The world of dating can be quite daunting but there is certainly an added pressure when you feel you have to look good on dating apps.
Some men go to extremes to look picture perfect when looking for love, so much so that they could risk their life.
Extra.ie chatted with two gay men who admit to feeling the pressure.
Former Mr Gay Scotland Jamie Love said that as ‘a young, gay, white male, it’s important to acknowledge that I can’t comment on the LGBT world as a whole — however, something I would say is common across the entire community is the immense pressure we experience in our online dating and social media sphere.’
He told Extra.ie: ‘A lot of these pressures stem from the need to fit in. Despite being a diverse and progressive community that seeks to unite in the face of oppression, we sure do like to categorise. Be that into a category, tribe, or type.
‘As gay men, we class one another dependant on their look, size, age, style etc. These categorisations change and evolve as people get older, fitter, skinnier, larger, and so on. As you might imagine, this constant pigeonholing results in feelings of inadequacy and perpetuates judgemental attitudes.
‘Not to mention a constant need to define yourself according to pre-existing boundaries, rather than just being able to take pride in your own uniqueness.
‘Pressures are then magnified on social media. Gay men’s culture is notoriously superficial and Instagram has become the 21st century hive of this.
‘There are literally thousands of perfectly sculpted, good-looking men with large thighs and even larger followings. Their “perfect” lifestyles are beamed directly to our daily feeds and our admiration can quickly mutate into envy and body image issues.

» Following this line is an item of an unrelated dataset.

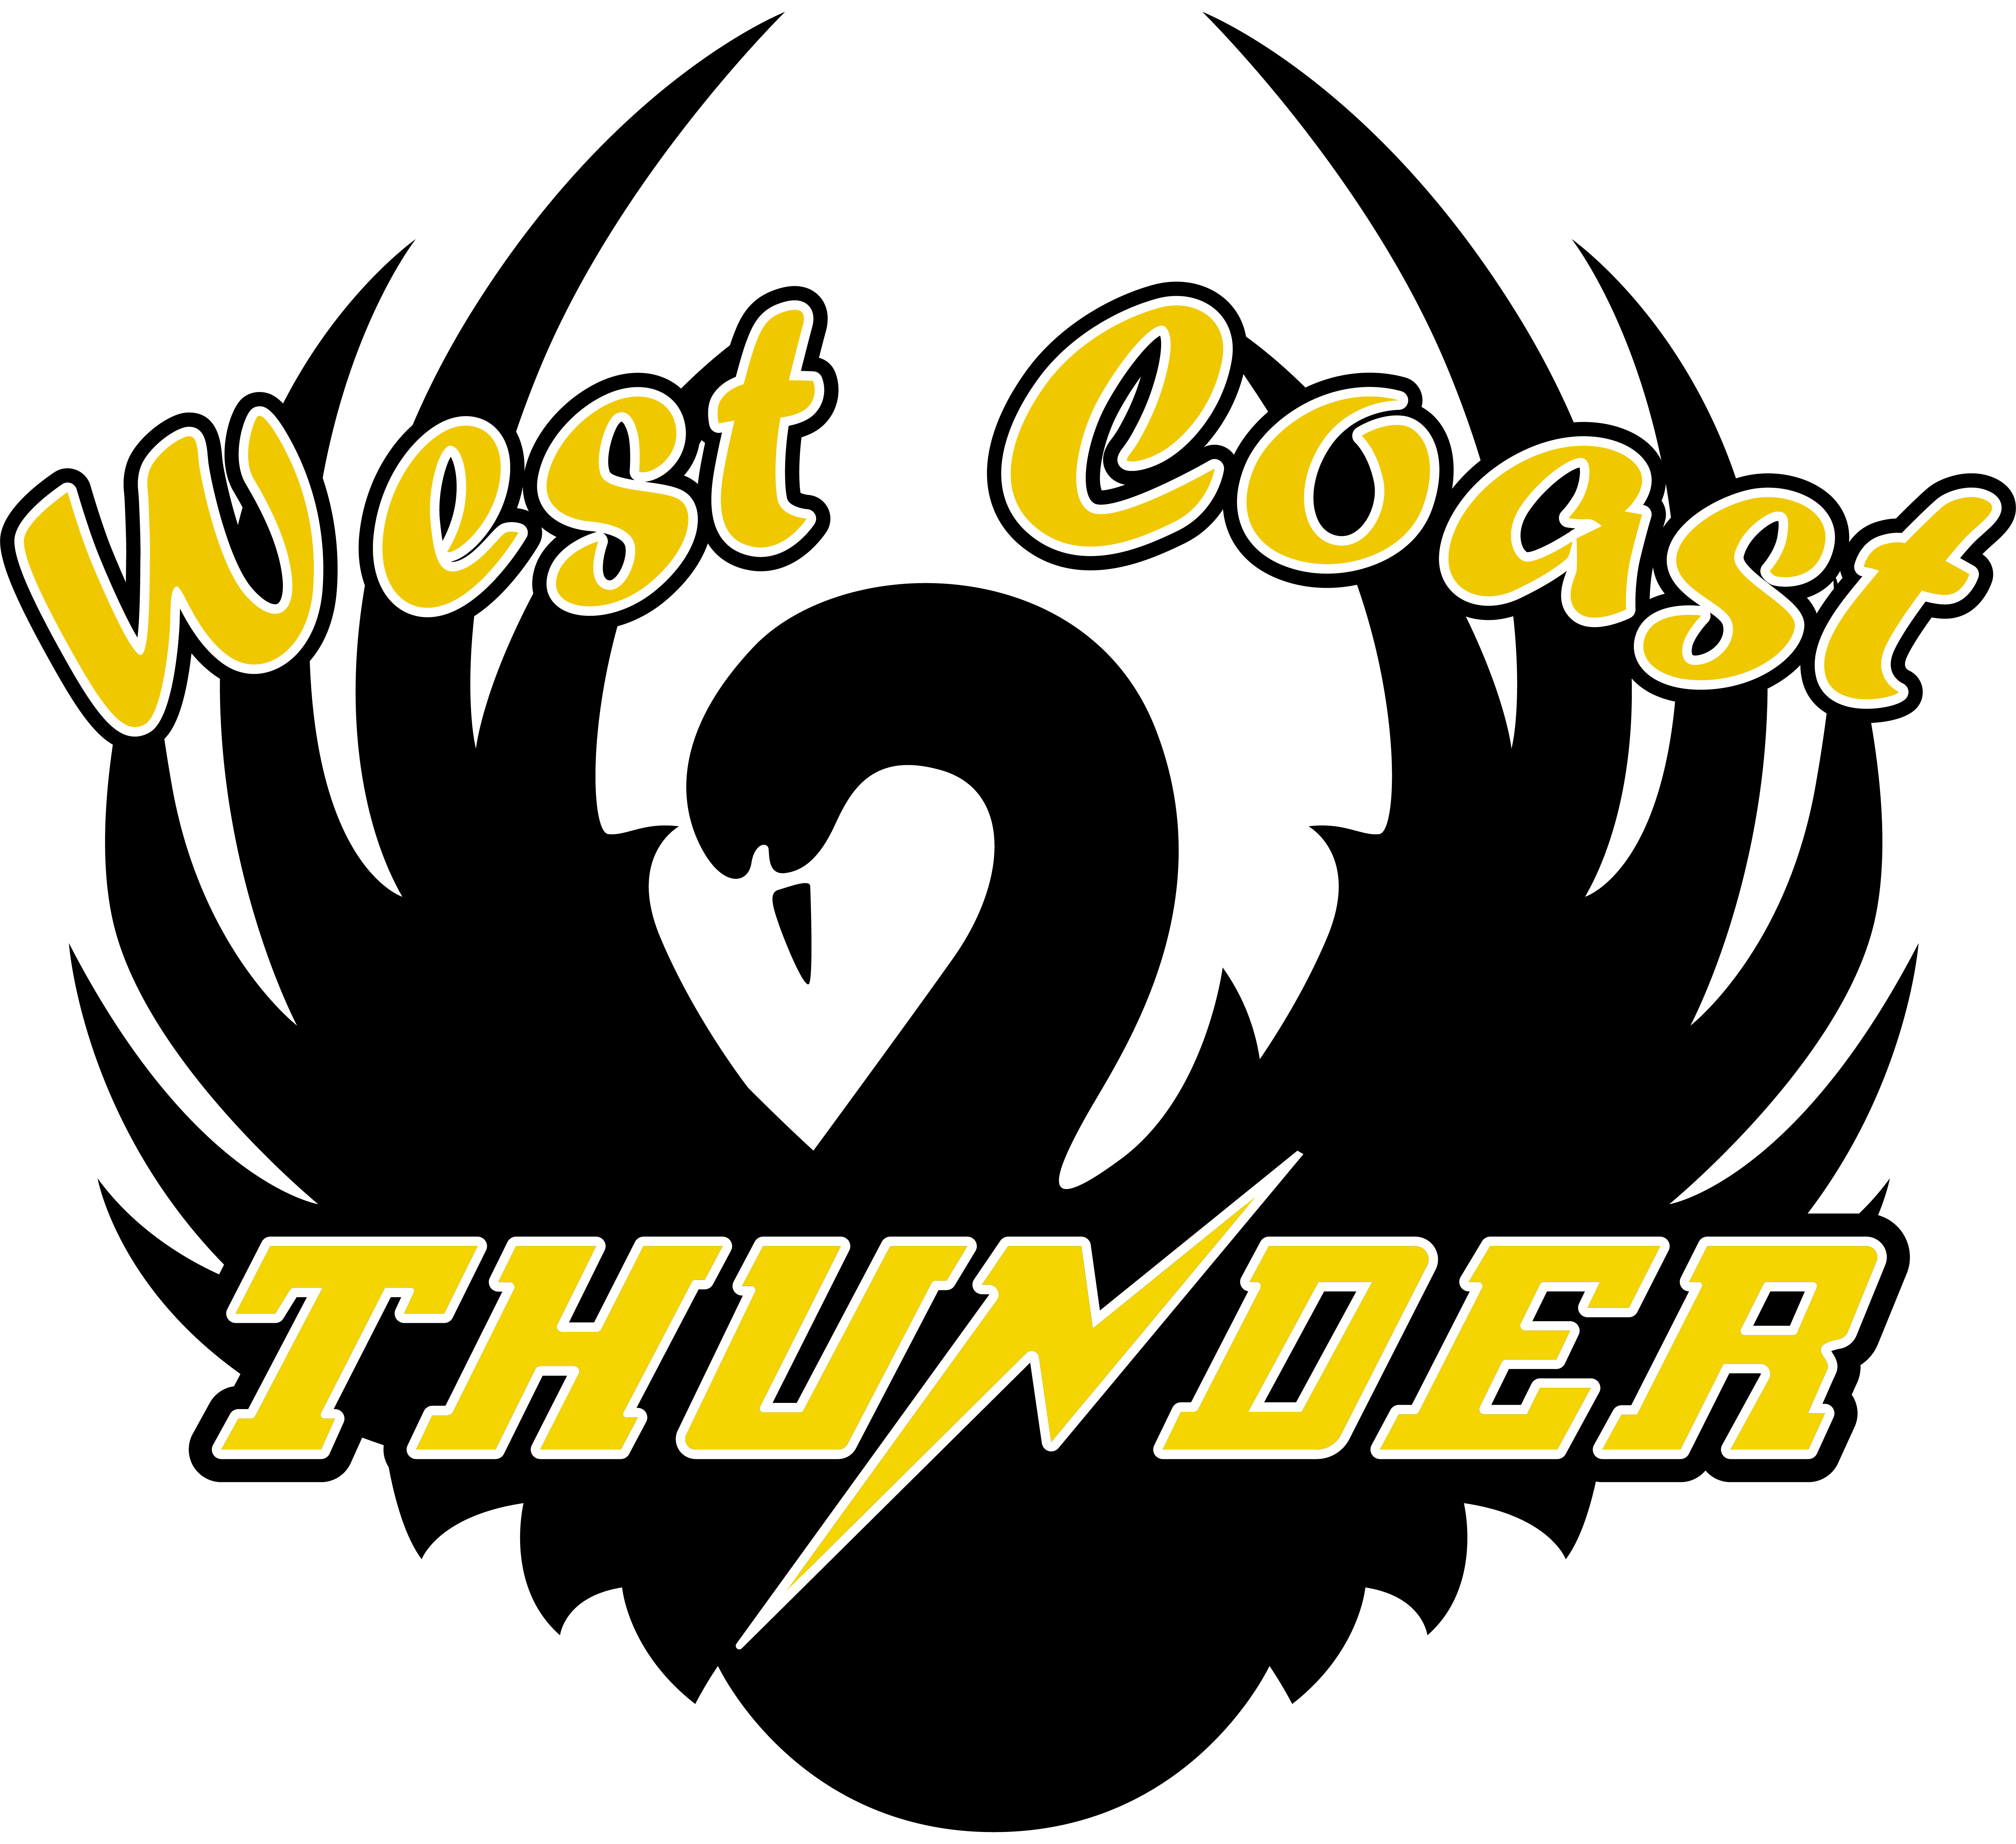 West Coast Mens & Womens Mixed Netball Association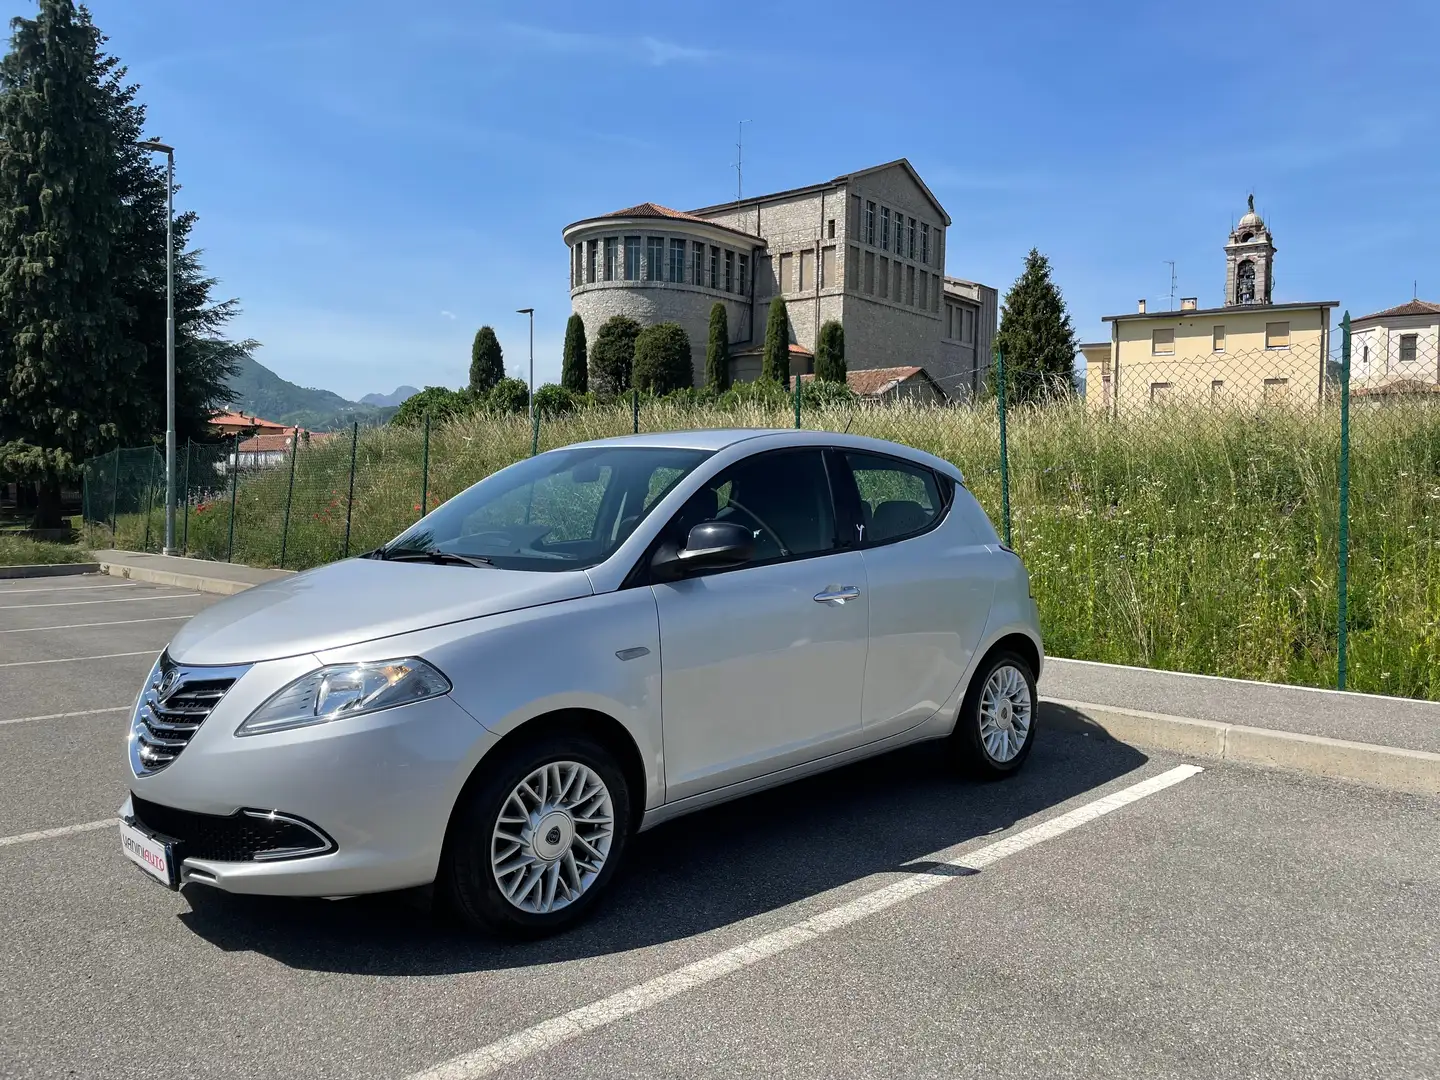 usato Lancia Ypsilon Berlina a Villa D'Almè – Bergamo per € 9.990,-

‘During my time as Mr Gay Scotland, I created a campaign called Be Your Hero. Its focus centred on empowering LGBT youth to look within for their strength, validation and self-acceptance.
‘This campaign was very much a response to the toxicity of the social media landscape in which gay men dwell. I wanted to encourage young LGBT people to resist the lure of online validation and know that they are worthy just the way they are.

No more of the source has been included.